FRANKFURT (AFP) – Commerzbank, Germany’s second-biggest lender, said on Thursday the group had booked a profit in 2021 despite significant transformation costs as it seeks to trim its business.

The bank made a net profit of EUR430 million under the guidance of new Chief Executive Officer (CEO) Manfred Knof, who took the reins in January last year after the group recorded a whopping EUR2.9-billion loss in 2020, its first since 2009.

“In the first year of the transformation, we have delivered on our promises,” Knof said in a statement, adding that the bank would seek to pay a dividend to shareholders again from 2022.

The 2021 result came despite two billion euros in one-off costs, a fact which showed “the profit potential of our bank”, Chief Financial Officer Bettina Orlopp said in a statement.

The group’s 2021 operating profit stood at EUR1.2 billion, reversing the loss of EUR233 million registered the year before.

The Commerzbank logo with its buiilding in the background. PHOTO: AFP

The bank significantly reduced its risk provisions, which cover potential losses, to EUR570 million from EUR1.8 billion in 2020, the first year of the coronavirus pandemic.

In 2021, Commerzbank sank EUR1.08 billion into its transformation, including covering the cost of employees who left the lender.

The group’s restructuring programme includes plans to reduce the workforce from nearly 40,000 at the end of 2020 to 32,000 by the end of 2024.

Commerzbank also closed 240 branches last year, leaving it with about 550 locations, with the aim to bring the number down further to 450 by the end of 2022.

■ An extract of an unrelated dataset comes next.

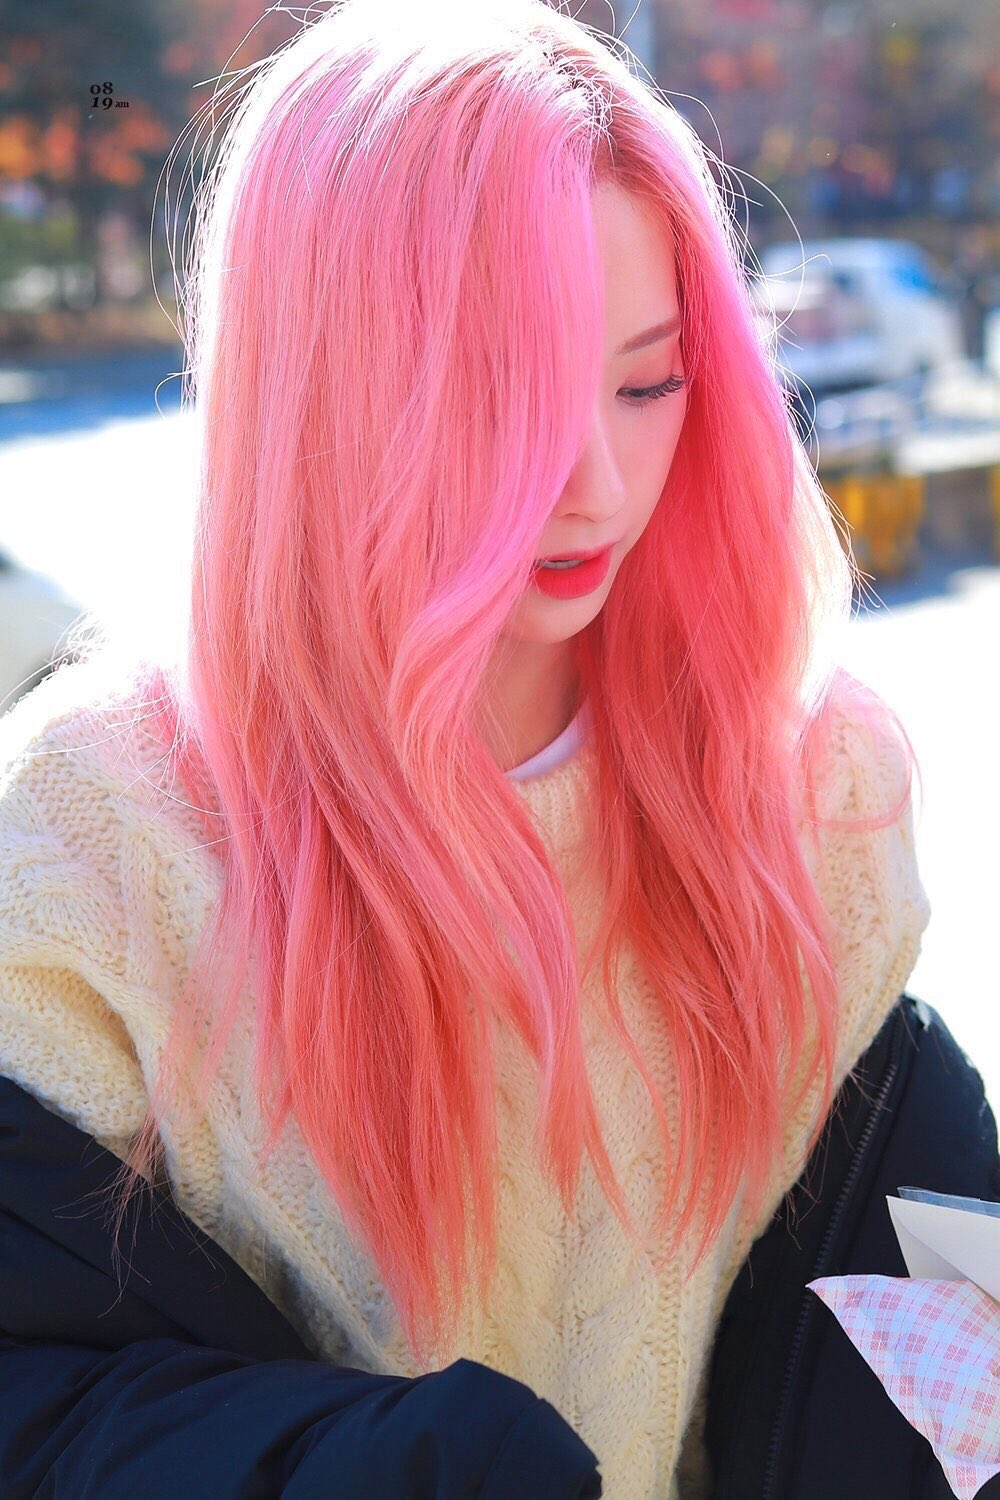 «Словно сладкая вата», девушки айдолы с волосами очаровательного розового оттенка

The closures and the bank’s decision to charge negative interest rates on big deposits, meant Commerzbank lost 230,000 retail clients over the course of the year, though the figure was “less than we originally expected”, Orlopp said in a call.

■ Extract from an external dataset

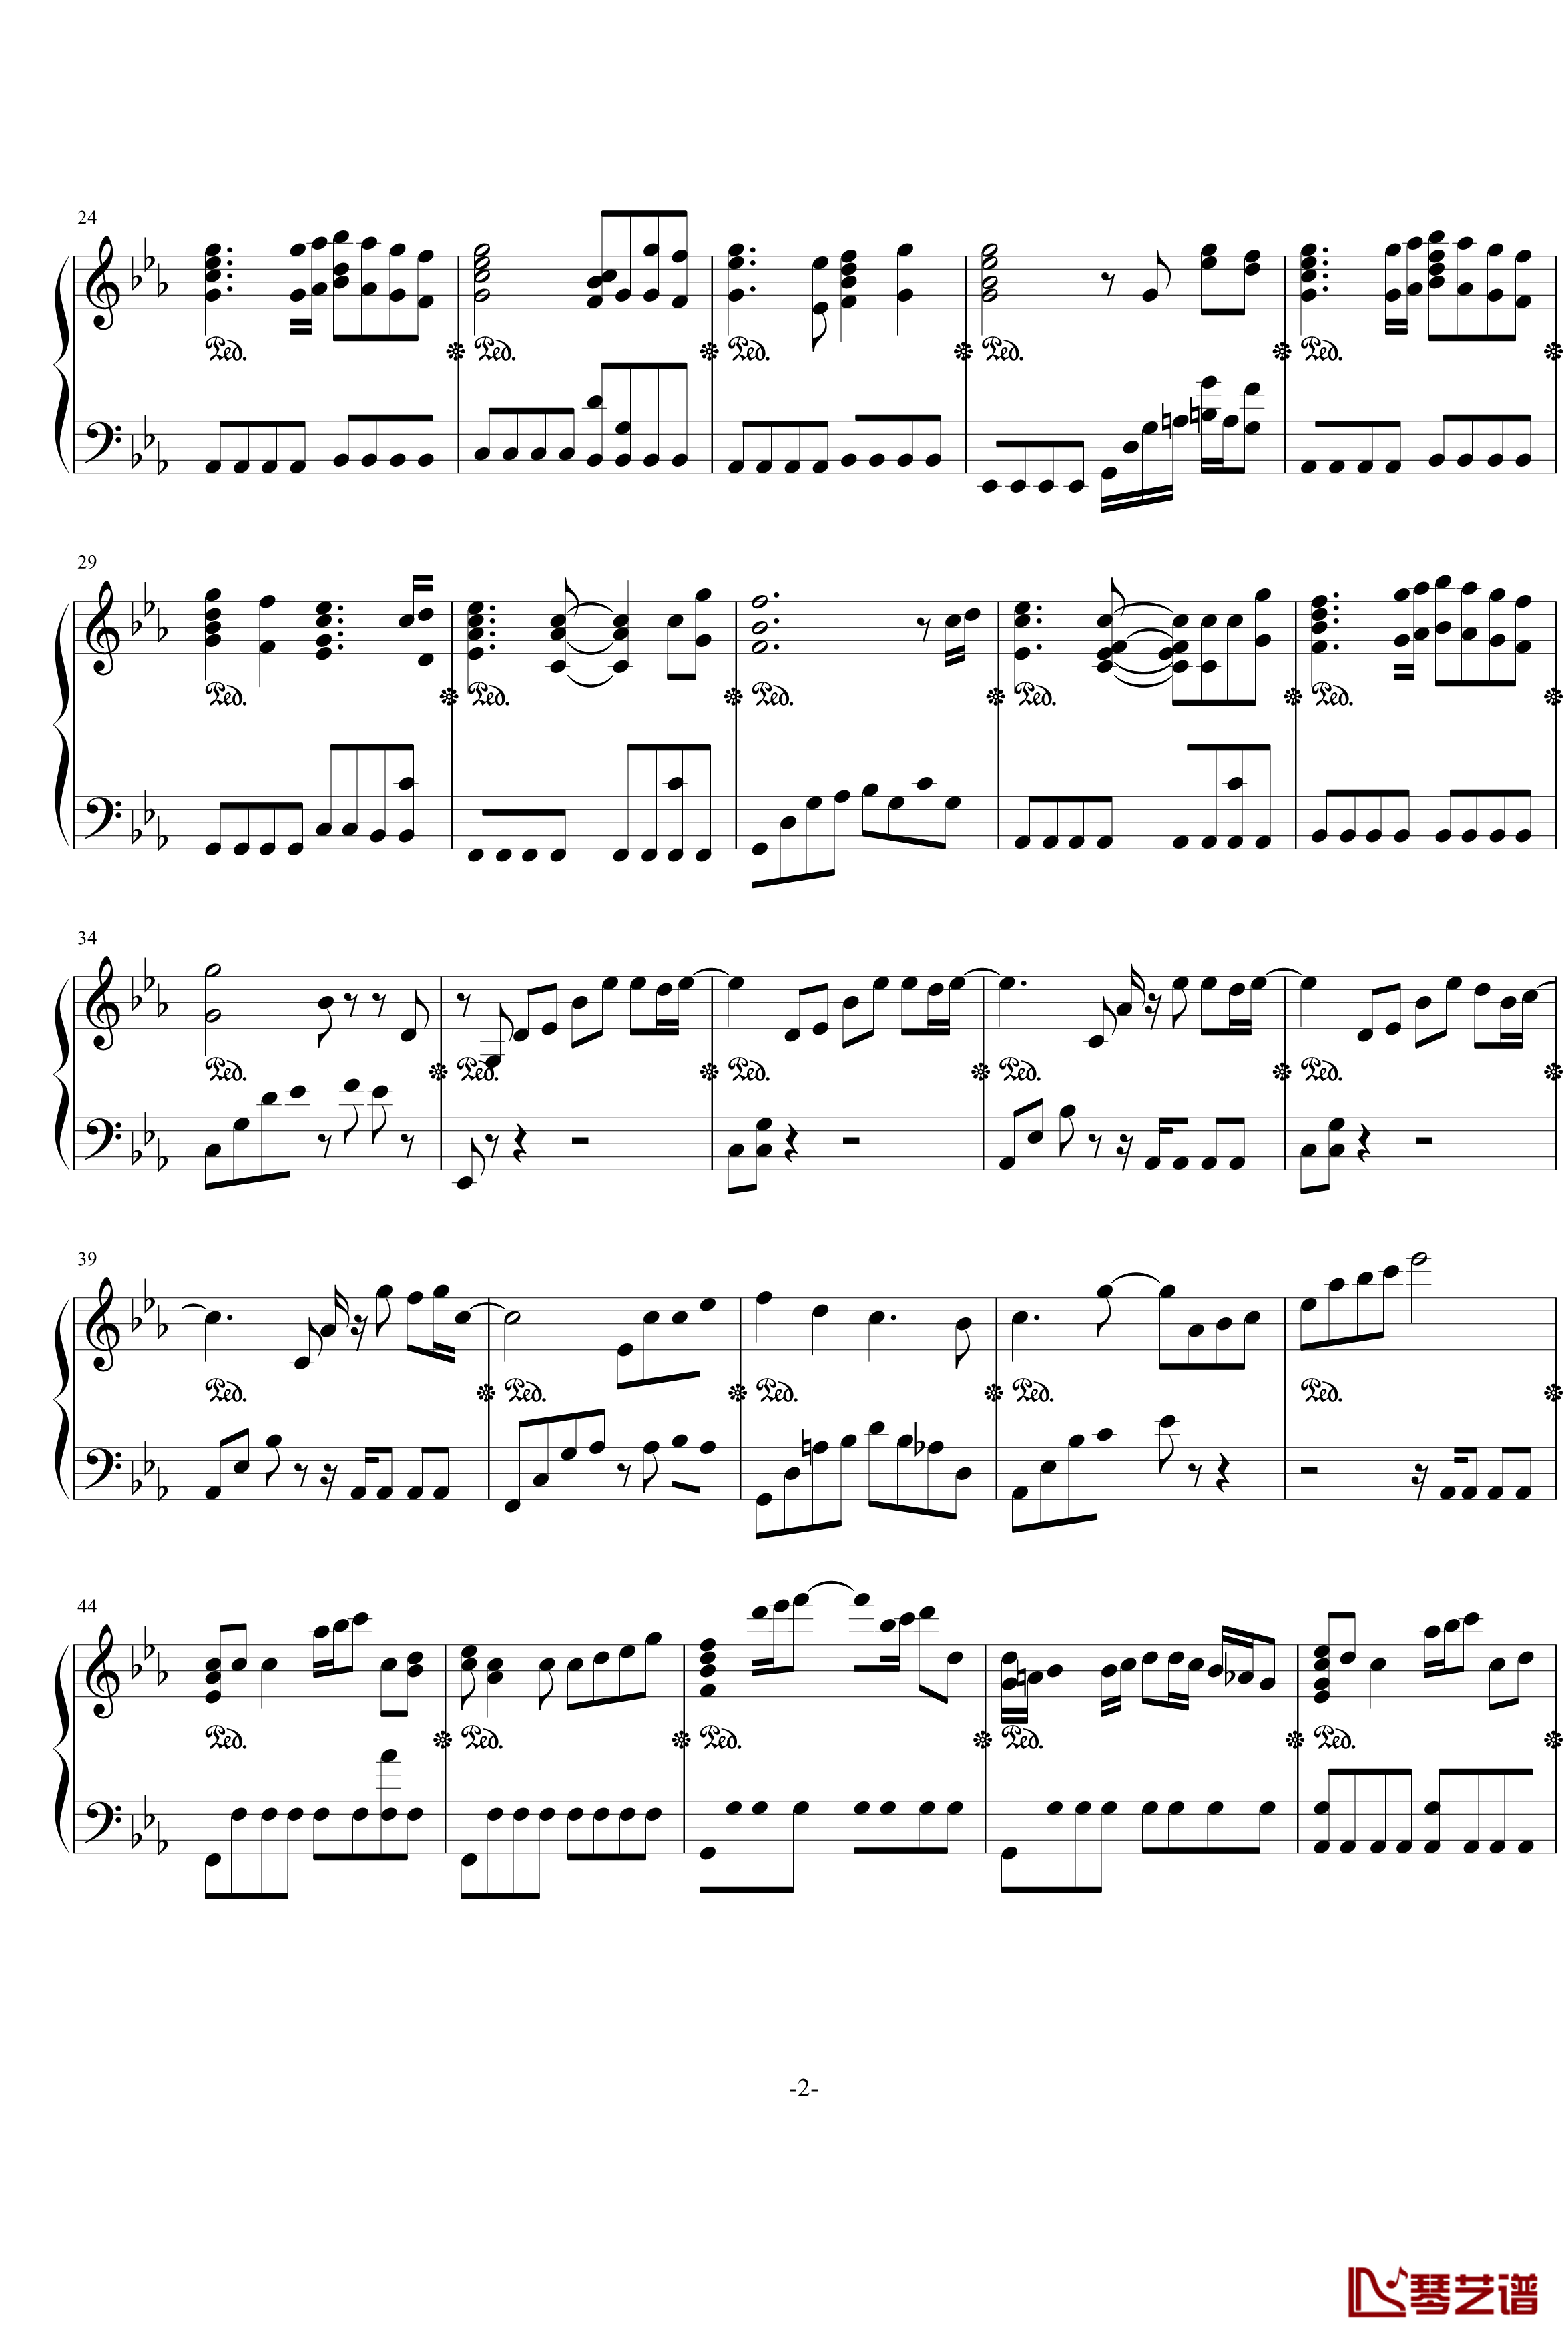 高达-遗迹钢琴谱-Vestige-テ飖翾灰飞-游戏

The German government still holds a stake of around 15 per cent in Commerzbank which it bailed out during the 2008-2009 financial crisis.

Finance Minister Christian Lindner told the German daily Handelsblatt on Monday that the state would not remain a shareholder in Commerzbank “in the long run”.

CEO Knof did not speculate on the subject in the call but said that “the former and the new federal government support our programme”.